Леди Урсула накрыла книгу рукой и сказала:
— Мистер Ларкин пишет: «Не подлежит сомнению, что идея стихотворения и какой-то его фрагмент или хотя бы строка приходят к автору одновременно». Вы с этим согласны, коммандер?
— Да, леди Урсула, согласен, пожалуй. Стихотворение начинается с поэзии, а не с идеи.
Он ничем не выдал своего удивления ее вопросом, потому что знал: шок, горе, травма по-разному воздействуют на людей, так что если такое странное начало облегчало ей дальнейший разговор, ему нетрудно скрыть свое нетерпение.
— Быть поэтом и библиотекарем если и необычно, то не так уж удивительно, но быть поэтом и полицейским представляется мне явлением эксцентричным, почти извращением.
— Вы считаете, что поэзия враждебна разоблачению или разоблачение — поэзии? — поинтересовался Дэлглиш.
— О, разумеется, последнее. Что, если муза настигнет… нет, это неверное слово, — если муза посетит вас в разгар расследования? Хотя, насколько я помню, коммандер, ваша муза в последние годы стала вас избегать, — заметила она и добавила с легкой иронией: — К нашему величайшему сожалению.
— Такого пока еще не случалось, — ответил он. — Вероятно, человеческий ум устроен так, что может одновременно осваивать лишь один опыт.
— А поэзия, конечно, весьма напряженный опыт?
— Один из самых напряженных.
Внезапно она ему улыбнулась, и улыбка озарила ее лицо почти интимной доверительностью, словно они были давними спарринг-партнерами.
— Вы должны меня извинить. Подвергаться допросу следователя — дело для меня новое. Если существует уместная в таких случаях форма диалога, то я ее еще не нашла. В любом случае благодарю, что не стали обременять меня выражением сочувствия. На своем веку мне довелось получать слишком много официальных соболезнований. Они всегда казались мне либо нескромными, либо неискренними.
«Интересно, подумал Дэлглиш, что бы она ответила, если бы я сказал: «Я знал вашего сына. Не то чтобы близко, но знал. Согласен, что вы не нуждаетесь в моих соболезнованиях, но если бы мне удалось найти нужные слова, они не были бы неискренними»?»
— Инспектор Мискин сообщила мне печальную новость с тактом и пониманием, за которые я ей благодарна. Но она, разумеется, не могла или не захотела сказать что-либо сверх того, что мой сын мертв и что на его теле имеются определенного рода раны. Как он умер, коммандер?
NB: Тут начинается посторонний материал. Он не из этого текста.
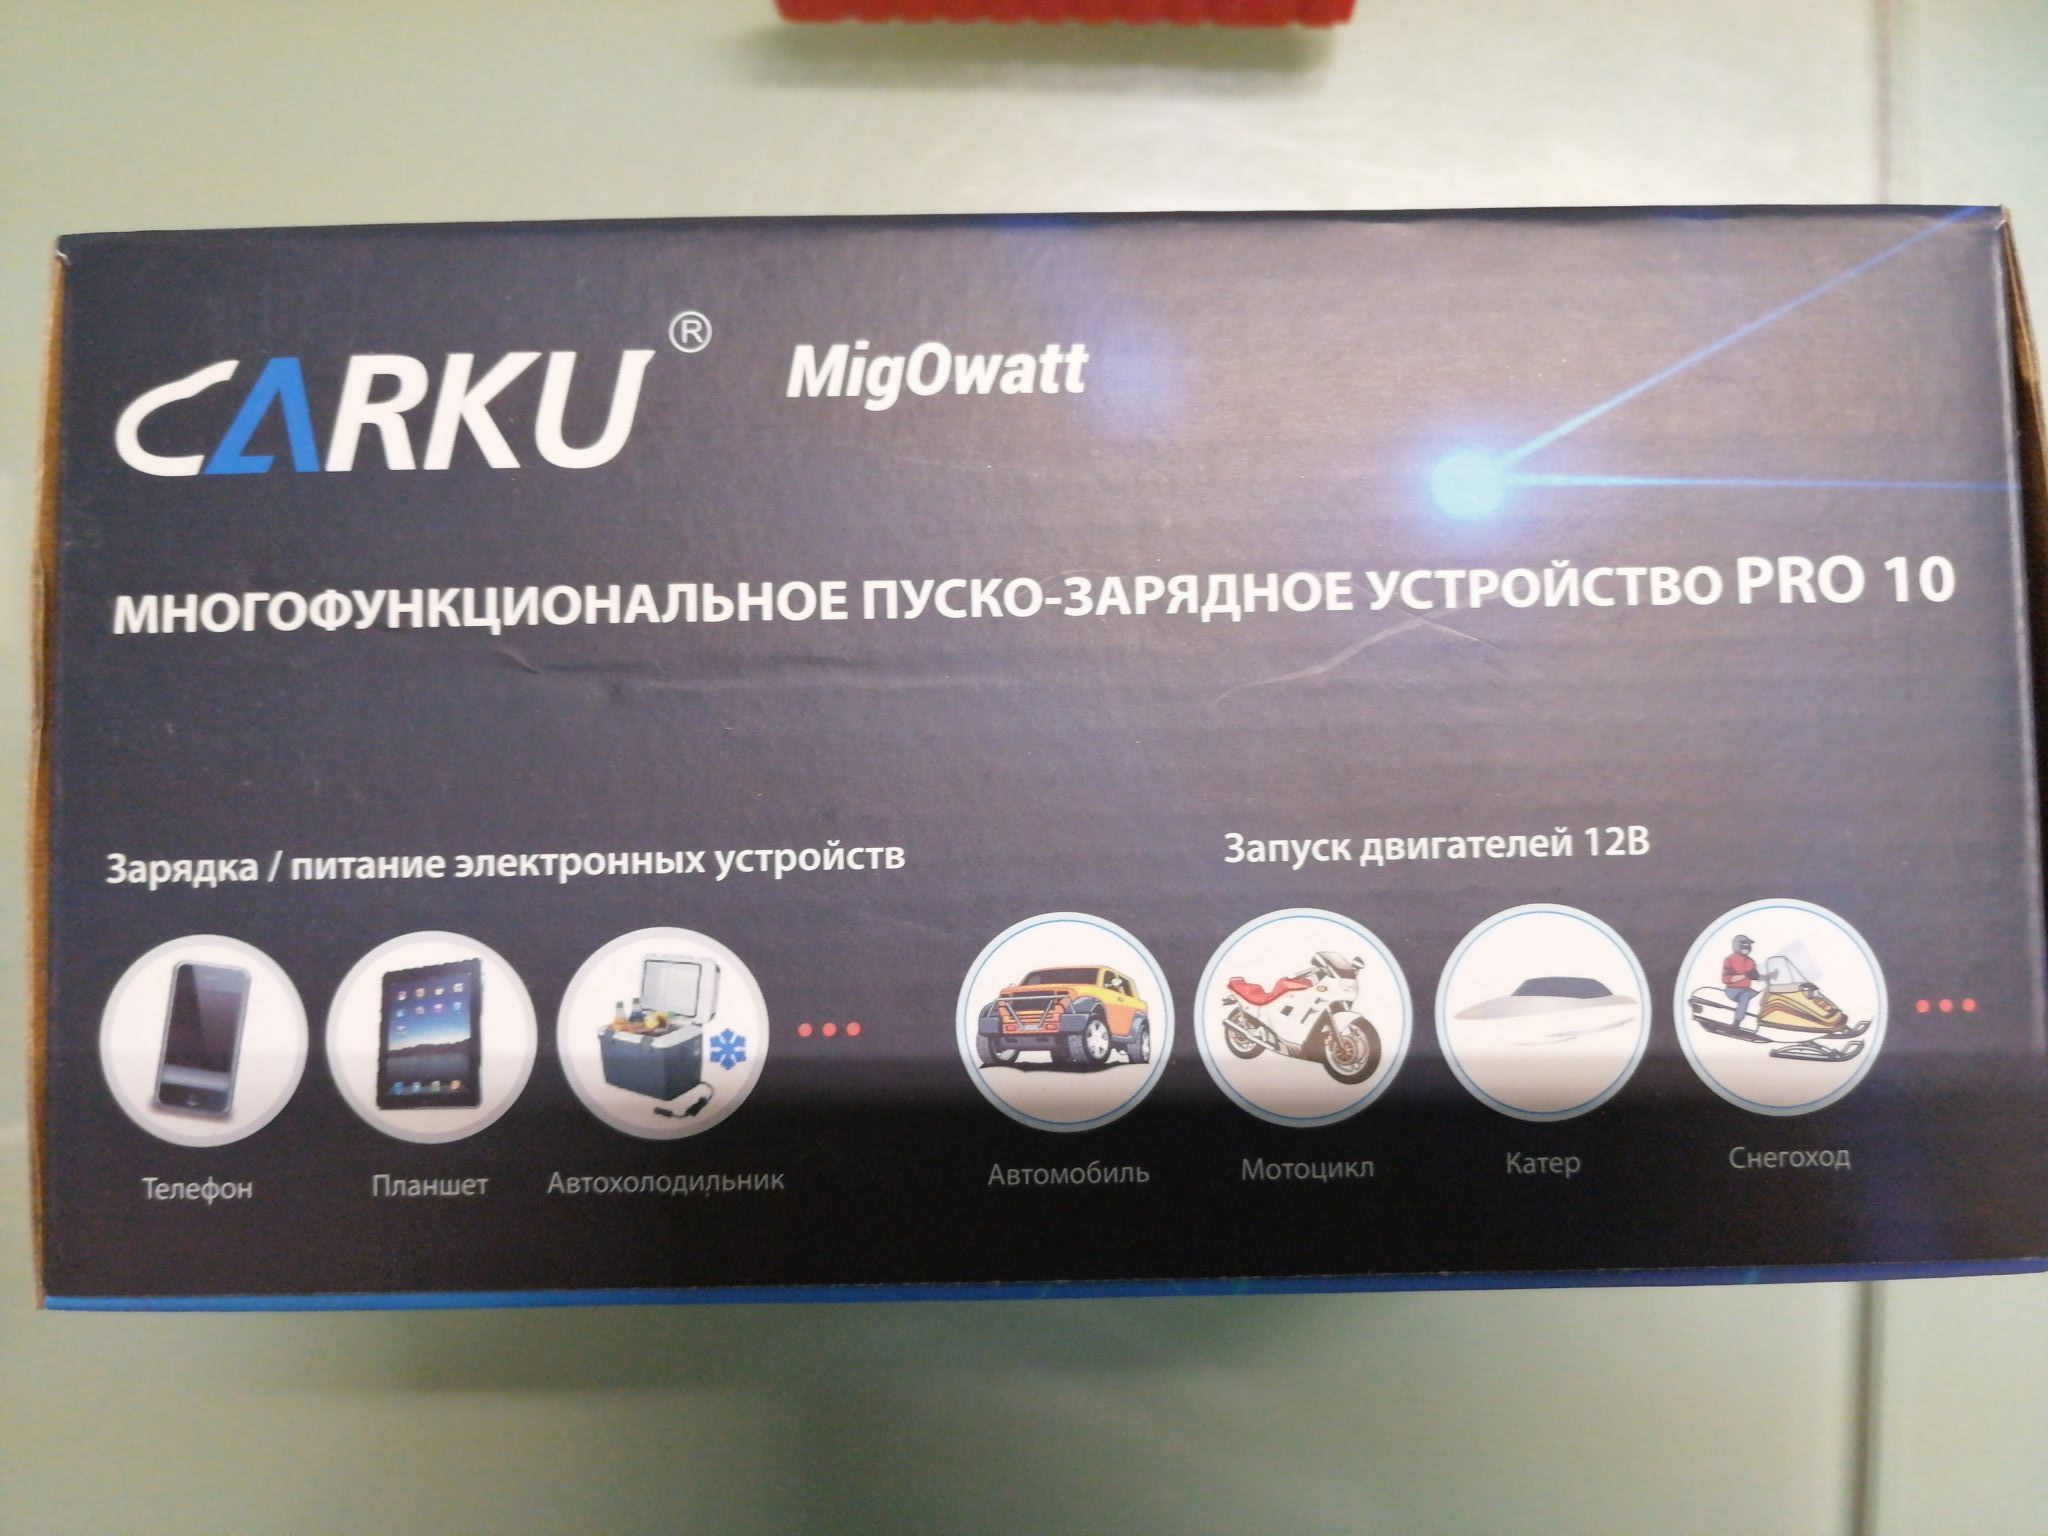 Carku pro купить. Carku 10. Пуско-зарядное устройство для автомобиля Carku Pro-10. Пуско зарядное устройство Carku. Портативное пуско-зарядное устройство Carku Pro-10 13000 Mah.
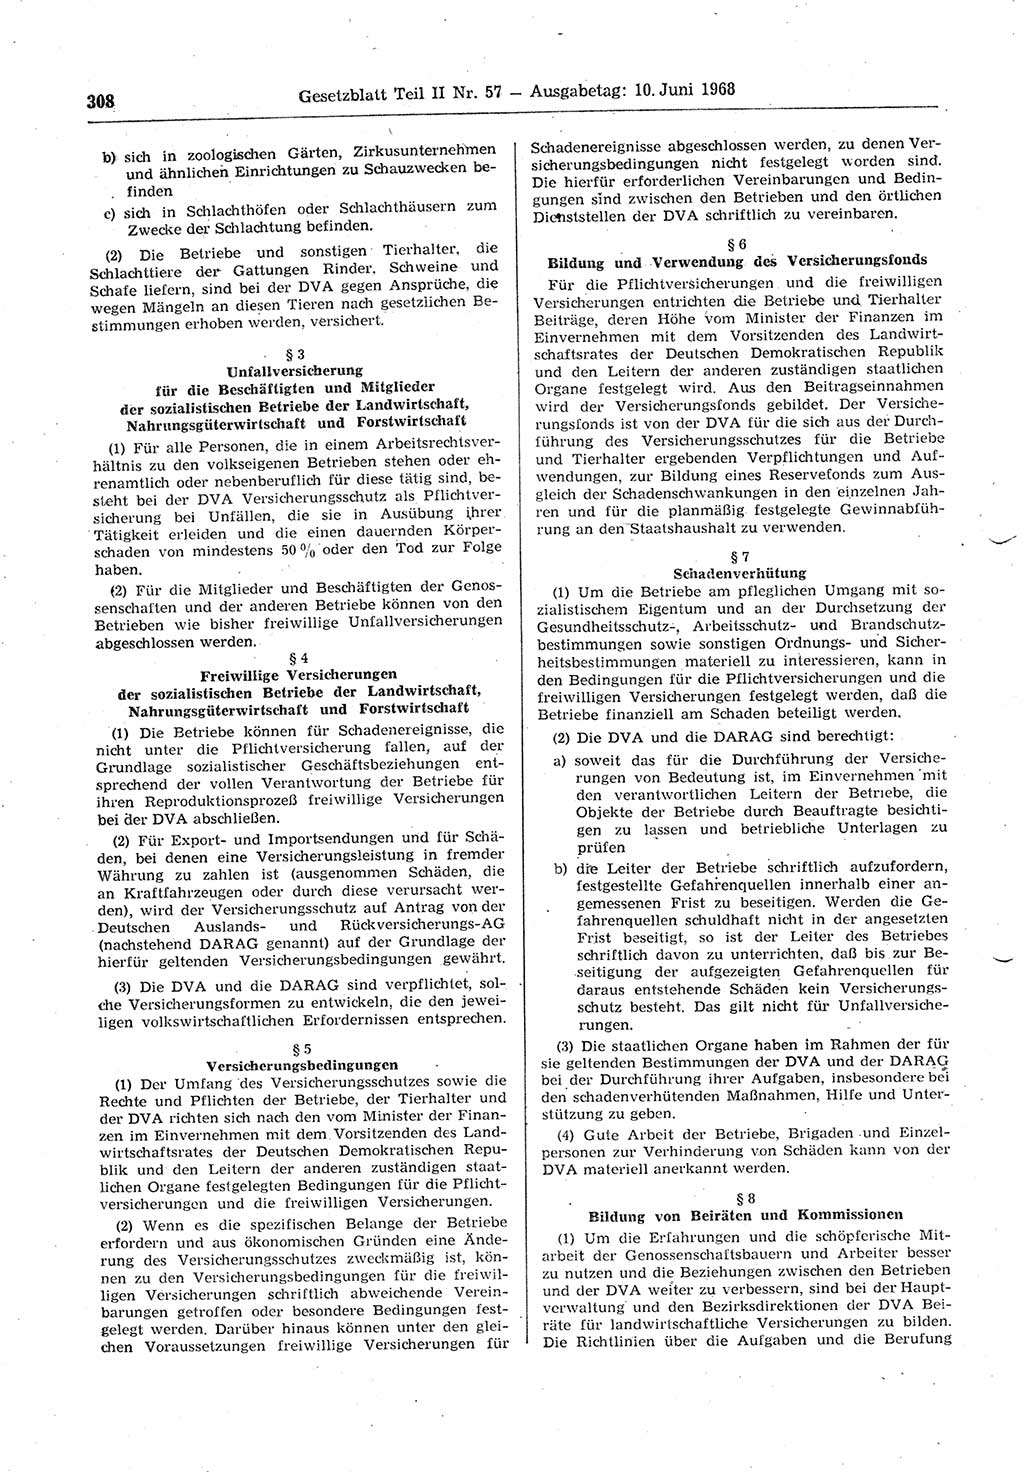 Gesetzblatt (GBl.) der Deutschen Demokratischen Republik (DDR) Teil ⅠⅠ 1968, Seite 308 (GBl. DDR ⅠⅠ 1968, S. 308)

— У него было перерезано горло, леди Урсула. — Смягчить суровую реальность факта возможным не представлялось. Дэлглиш добавил: — С ним был бродяга Харри Мак, он умер так же.
Почему ему показалось важным упомянуть о Харри Маке, Дэлглиш и сам не знал. Бедняга Харри вопреки своим принципам и помимо воли стал публичной персоной в силу демократичности смерти — окоченевшему телу Харри уделили куда больше внимания, чем оно когда-либо получало при жизни.
— А оружие? — спросила леди Урсула.
— Окровавленная бритва — судя по всему, его собственная — лежала неподалеку от правой руки вашего сына. Предстоит провести массу судебно-медицинских экспертиз, но я предполагаю, что именно эта бритва окажется орудием убийства.
— А дверь в церковь — ну, в ризницу или где там он находился, — она была открыта?
— Мисс Уортон, которая обнаружила тела, придя туда вместе с маленьким мальчиком, говорит, что нашла ее незапертой.
— Вы рассматриваете это как самоубийство?
— Бродяга, Харри Мак, себя не убивал. По моим предварительным соображениям, ваш сын — тоже. Больше я пока ничего не могу вам сказать, следует дождаться результатов вскрытия и анализов. В настоящий момент я склонен предполагать двойное убийство.
— Понятно. Благодарю за откровенность.
— Есть вопросы, которые я вынужден вам задать, — сказал Дэлглиш. — Если вы сейчас не готовы ответить на них, я могу заехать позже, но, конечно же, очень важно, чтобы времени было потеряно как можно меньше.
— Я бы предпочла, чтобы оно вовсе не было потеряно, коммандер. Два ваших вопроса я могу предугадать. У меня нет оснований подозревать, что мой сын замышлял добровольный уход из жизни, и, насколько я знаю, у него не было врагов.
— Для политика это весьма необычно, должен сказать.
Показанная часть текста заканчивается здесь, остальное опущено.